Rééquilibrage des prix en août, l'Espagne garde toutefois un avantage de 6-7
centimes du kilo vif sur la moyenne des prix européens.
Aujourd'hui tous les regards sont tournés chaque jour
vers les marchés d'Euronext et de Chicago, le blé matière première
de base est le marché directeur des céréales. Il influence directement l'ensemble
des matières premières alimentaires or, comme l'a écrit la Dépêche Agricole,
"il a perdu la boule" et est rentré dans un jeu de surenchère spéculative qui
s'amplifie par
la psychose du manque, alimentée par
les commentateurs alarmistes du marché. Il faut dire que les professionnels
du milieu n'ont aucun intérêt à nuancer leurs propos, puisque plus grande sera
la volatilité du produit, plus la spéculation sera importante, avec les inévitables
prises de bénéfices des sociétés extérieures à l'agroalimentaire.

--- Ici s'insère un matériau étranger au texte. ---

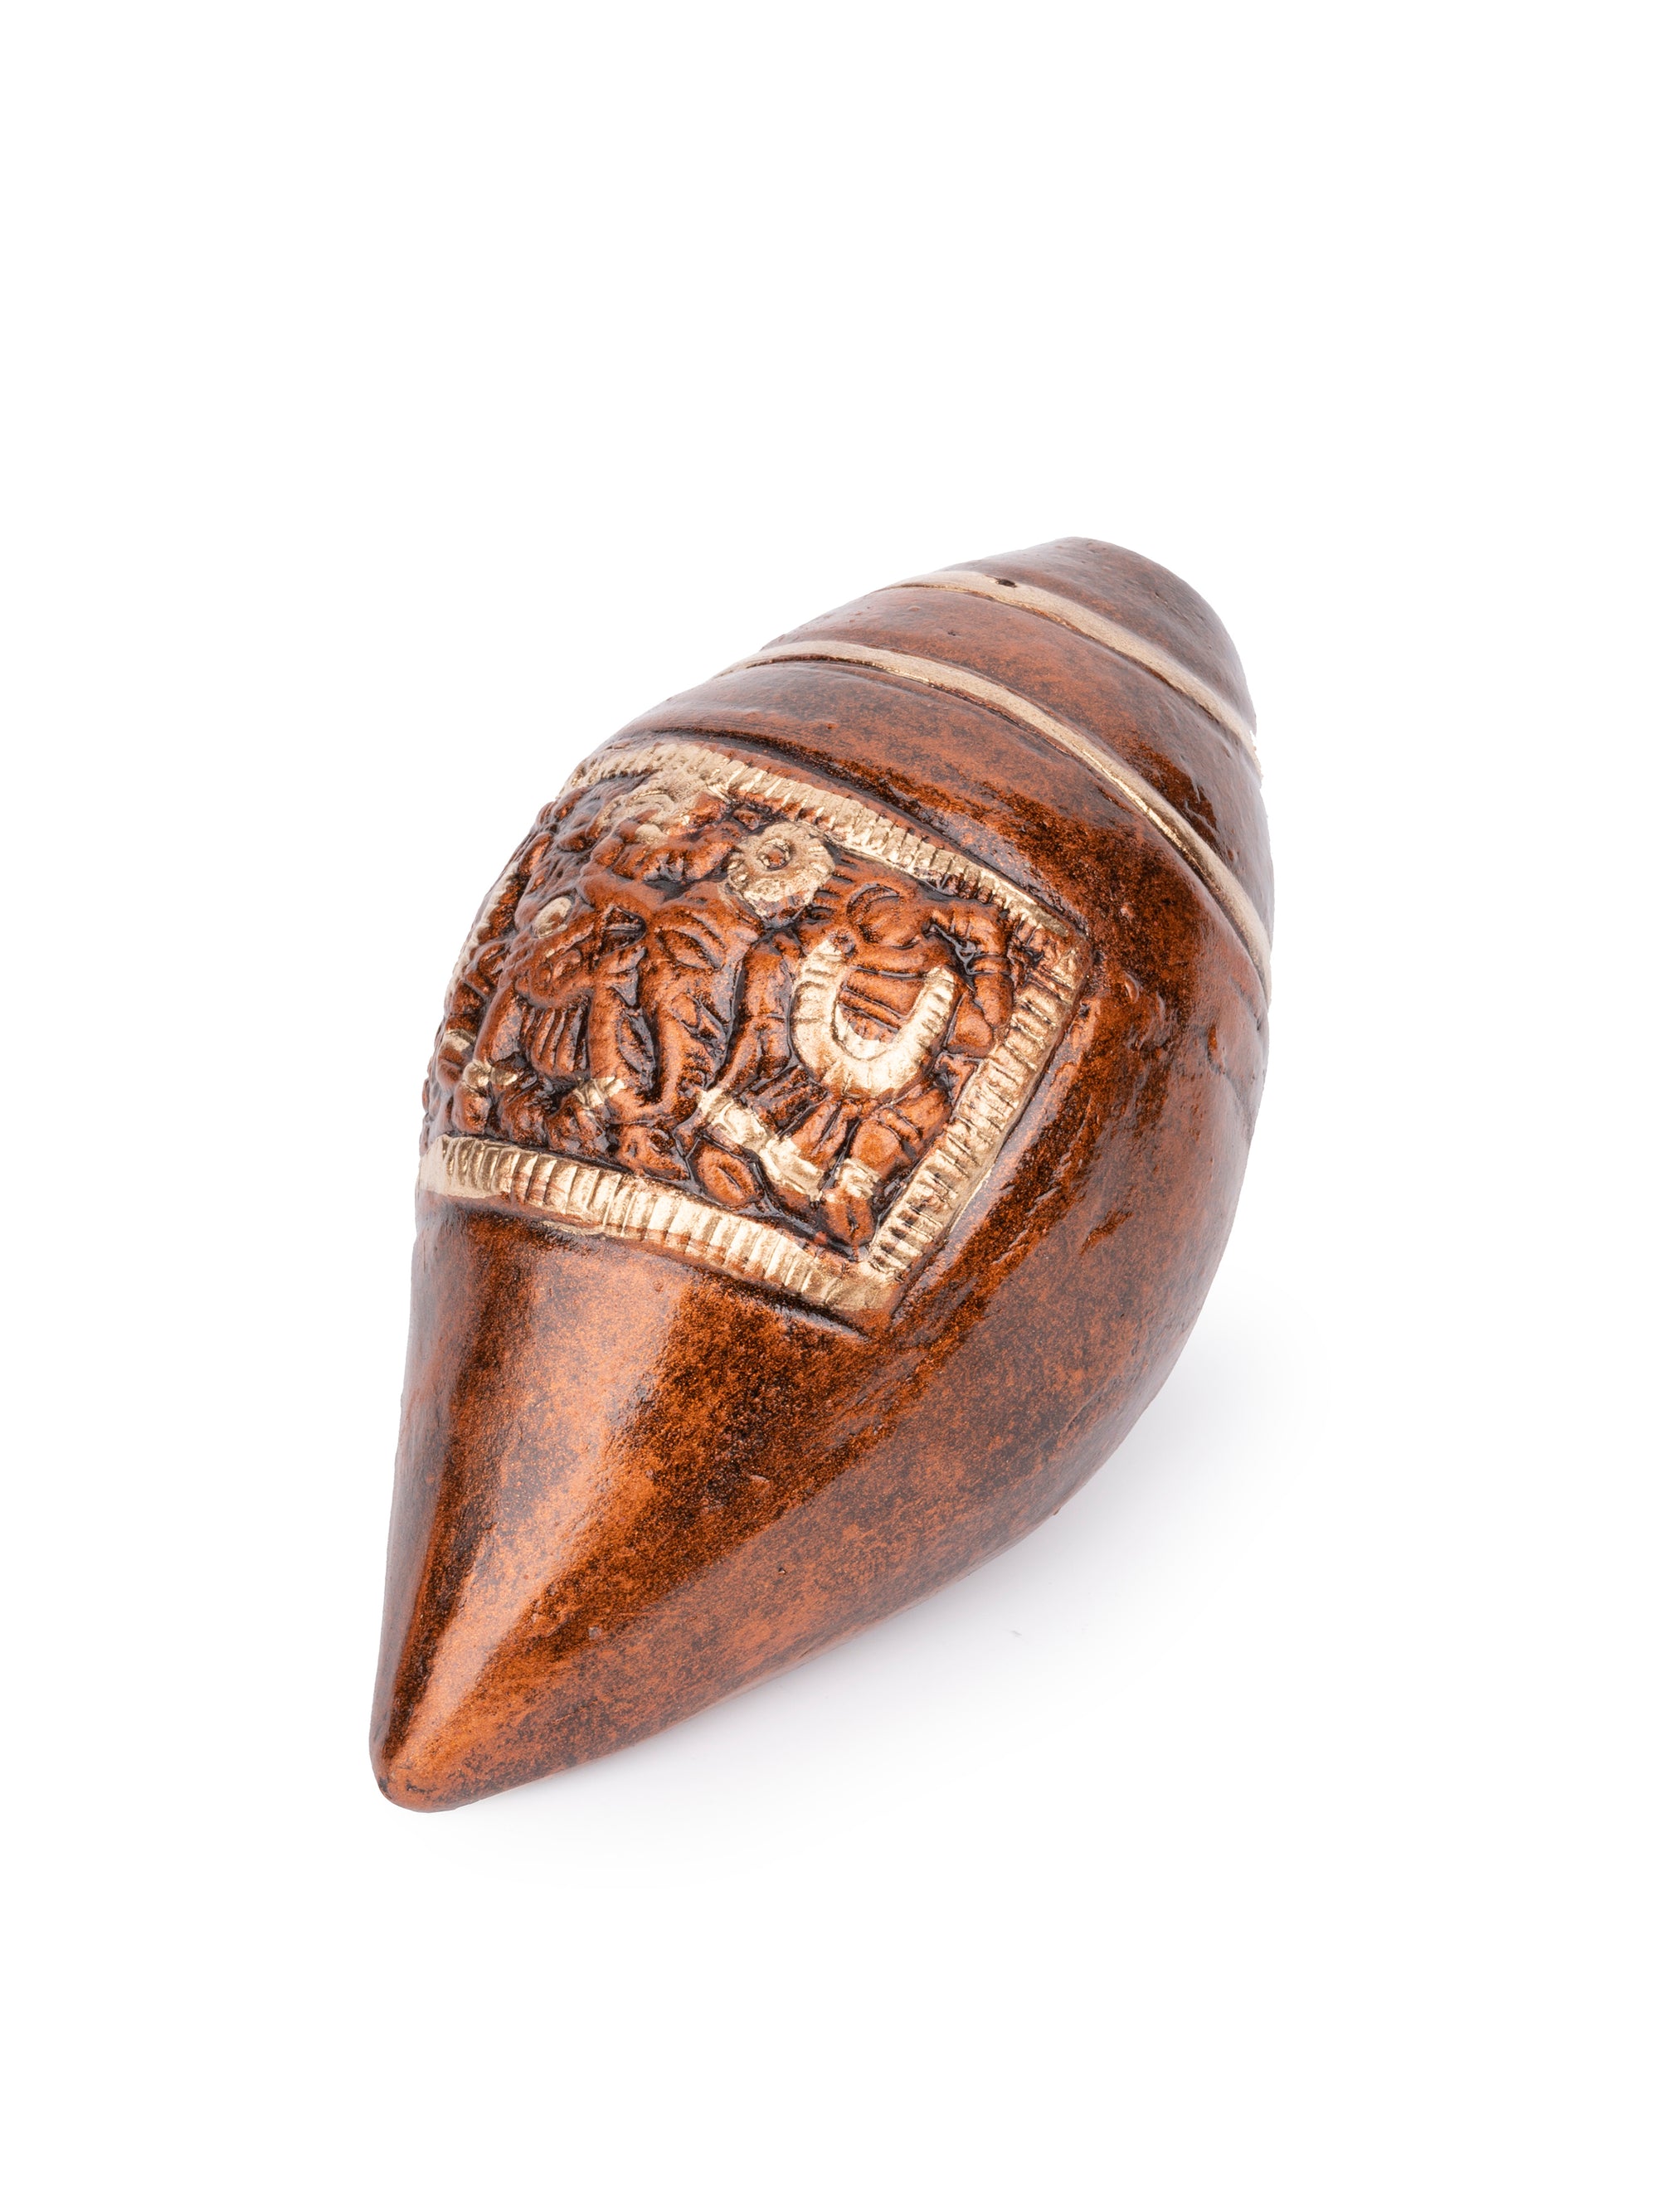 Handmade Terracotta Shankh Decorative showpiece - The Heritage Artifacts

Tout cela
contribue au final, non seulement à déstabiliser les maillons qui transforment
ces matières premières, mais également à priver les utilisateurs les plus pauvres
des produits alimentaires de base.
Il nous reste à souhaiter 2 choses :
-
que la dépression sur les actions limite les ardeurs
des spéculateurs sur le marché des céréales, de la même façon qu'elle
a fortement influencé la baisse du baril de pétrole. Ces prises de bénéfice
pourraient provoquer un retournement du marché, mais malheureusement pour l'instant,
ce n'est pas le cas.
-
que les besoins importants de la Chine assainissent
durablement les marchés européens et américains, déjà sollicités
pour combler son déficit naissant, sous la double influence des problèmes sanitaires
qu'elle rencontre et de l'augmentation des consommations de viande, liée à la
forte hausse de son pouvoir d'achat. Il ne faut pas oublier que la Chine représente
53 % de la production et de la consommation mondiale.
Verrons-nous dans la viande la même pénurie que dans les autres matières premières,
c'est probable, mais dans combien de temps ?

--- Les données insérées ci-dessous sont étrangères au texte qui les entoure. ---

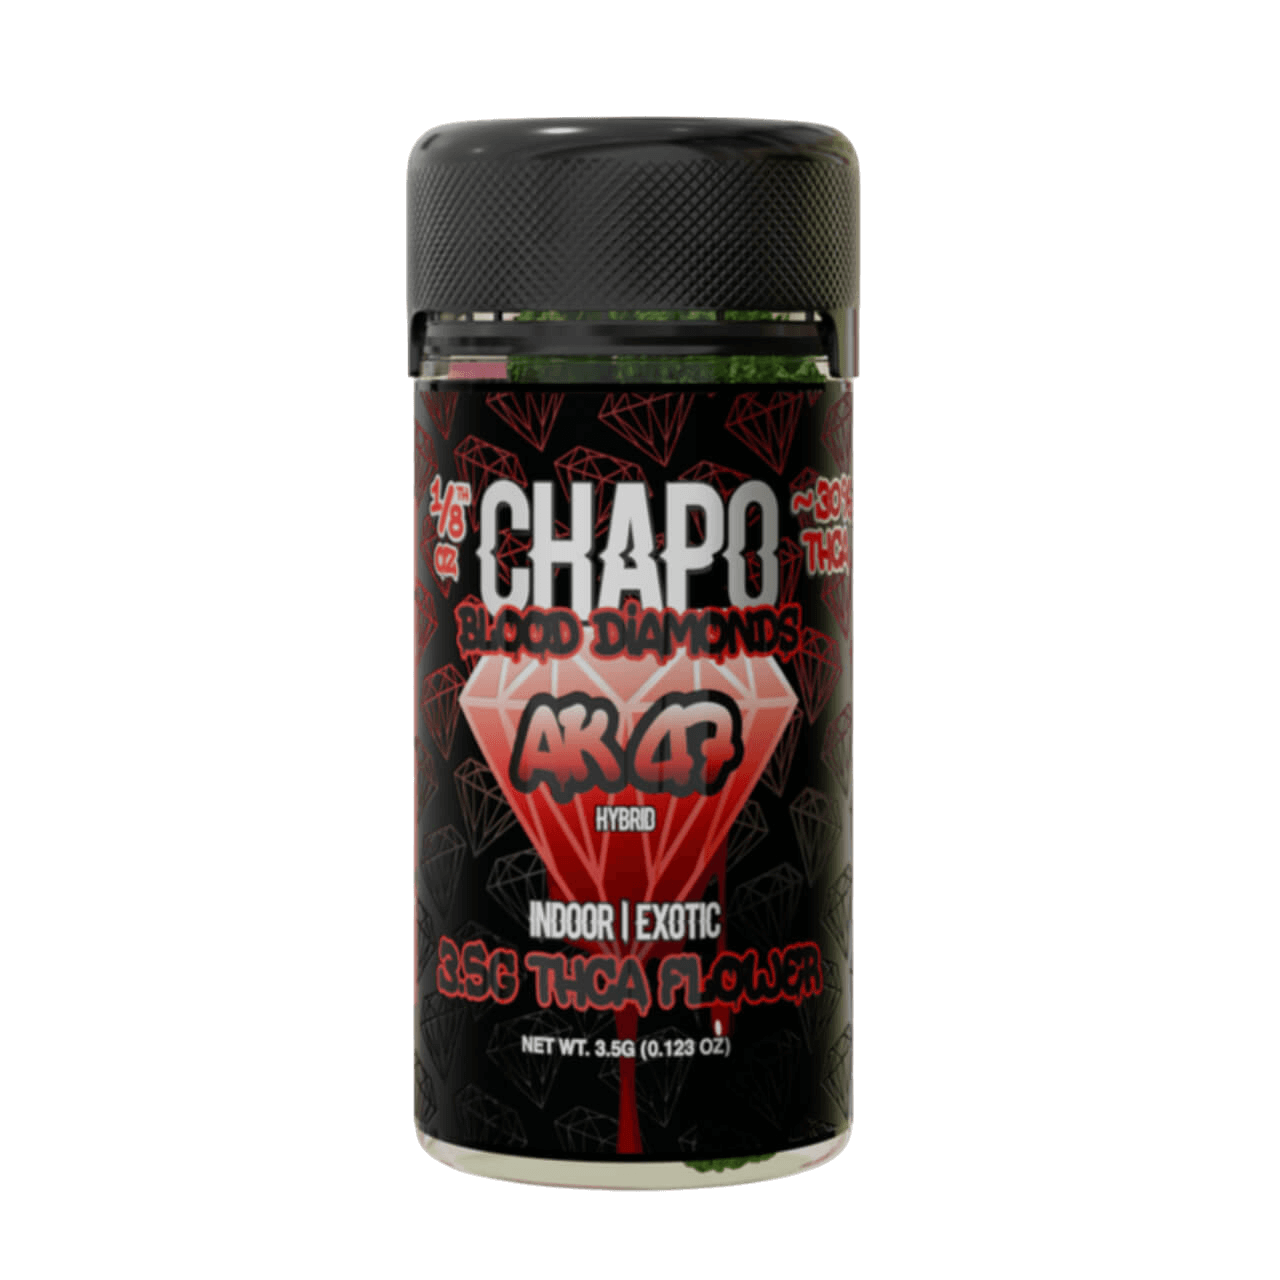 Chapo Blood Diamonds THC-A Exotic Indoor Flower - 3.5G

En attendant, la situation est pour le moins délicate, et l'inquiétude des éleveurs
grandissante. Je souhaite que tous les maillons de la filière puissent traverser
cette période difficile sans trop souffrir, car
je
suis persuadé qu'à terme, le vent tournera durablement.

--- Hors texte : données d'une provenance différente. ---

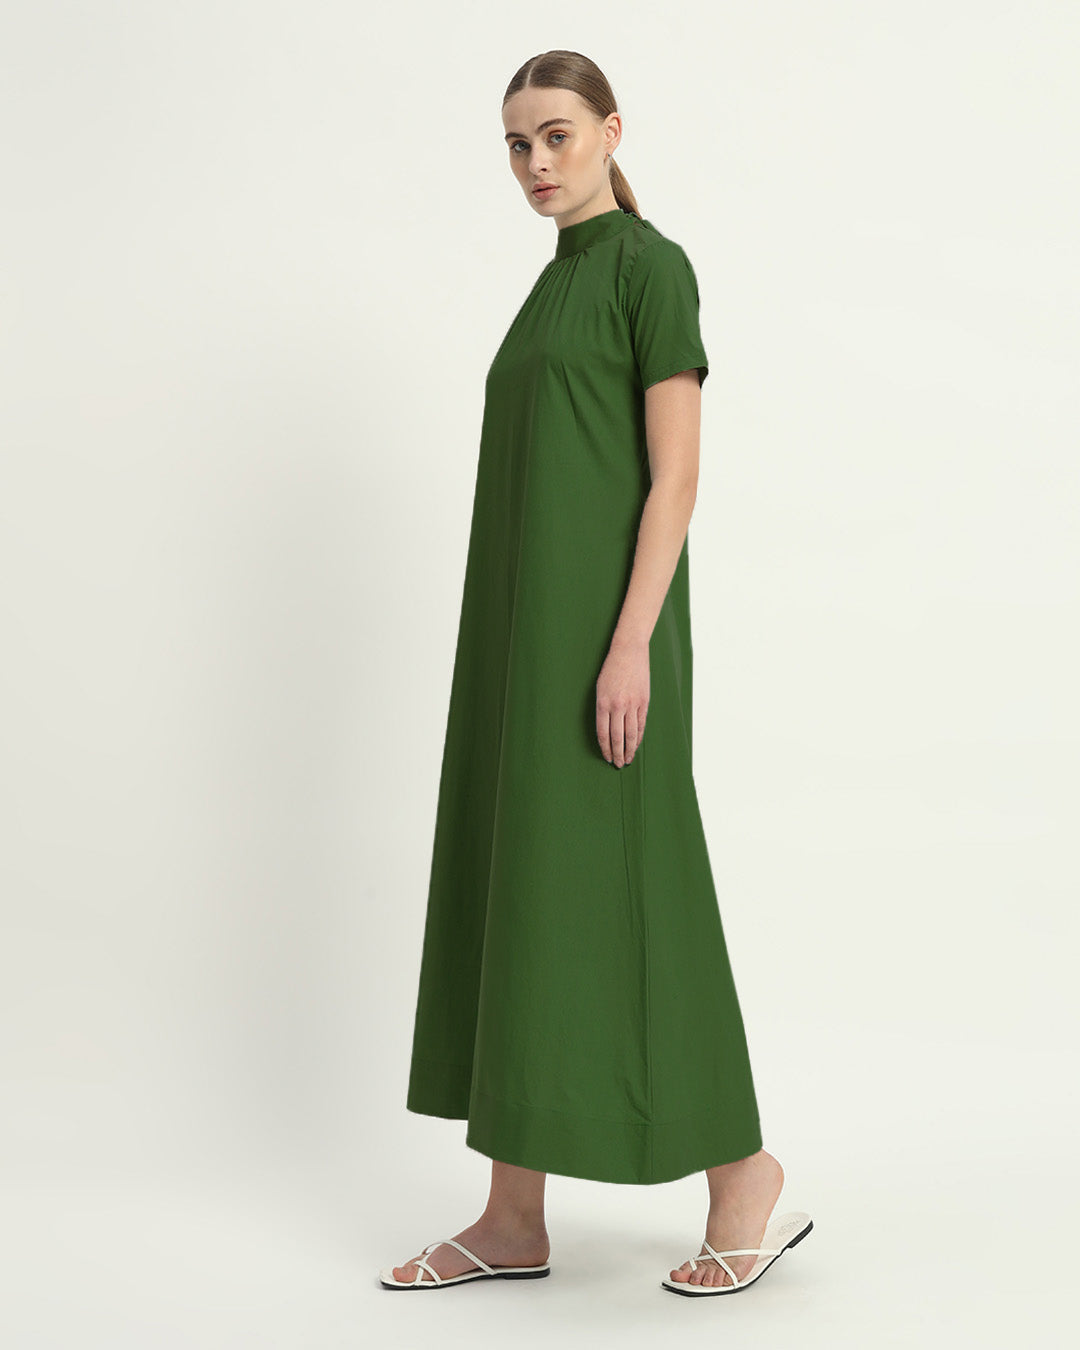 The Hermon Emerald Cotton Dress

C'est sur cette note d'espoir que je termine mon dernier commentaire sur ce
site. En effet, après 4 années, j'ai décidé de céder ma place aux spécialistes
économiques de l'IFIP, qui continueront à vous informer chaque mois sur les
évolutions économiques de la profession à partir de leur base de données.
Hilaire Herbert
Vous pouvez réagir à ce commentaire et aux comparaisons des prix payés à
l'éleveur sur le forum de
discussion
NDLR: ceci est le dernier commentaire d'Hilaire HERBERT ....ou presque car
3trois3.com compte bien avoir de temps en temps son avis sur la situation économique
du porc. La rubrique "table ronde d'experts" qui sera publiée
dans les semaines ou mois à venir lui sera ouverte. Nous tenons
à remercier très vivement et amicalement Hilaire HERBERT pour
ces 4 années de commentaires, tantôt optimistes, tantôt
provocateurs, parfois inquiets...mais toujours honnêtes et justes en tenant
compte des contraintes économiques de l'ensemble dess intervenants de
la filière: il est largement responsable de l'audience de cette rubrique
auprès des éleveurs de porcs. Merci Monsieur Herbert, merci Hilaire!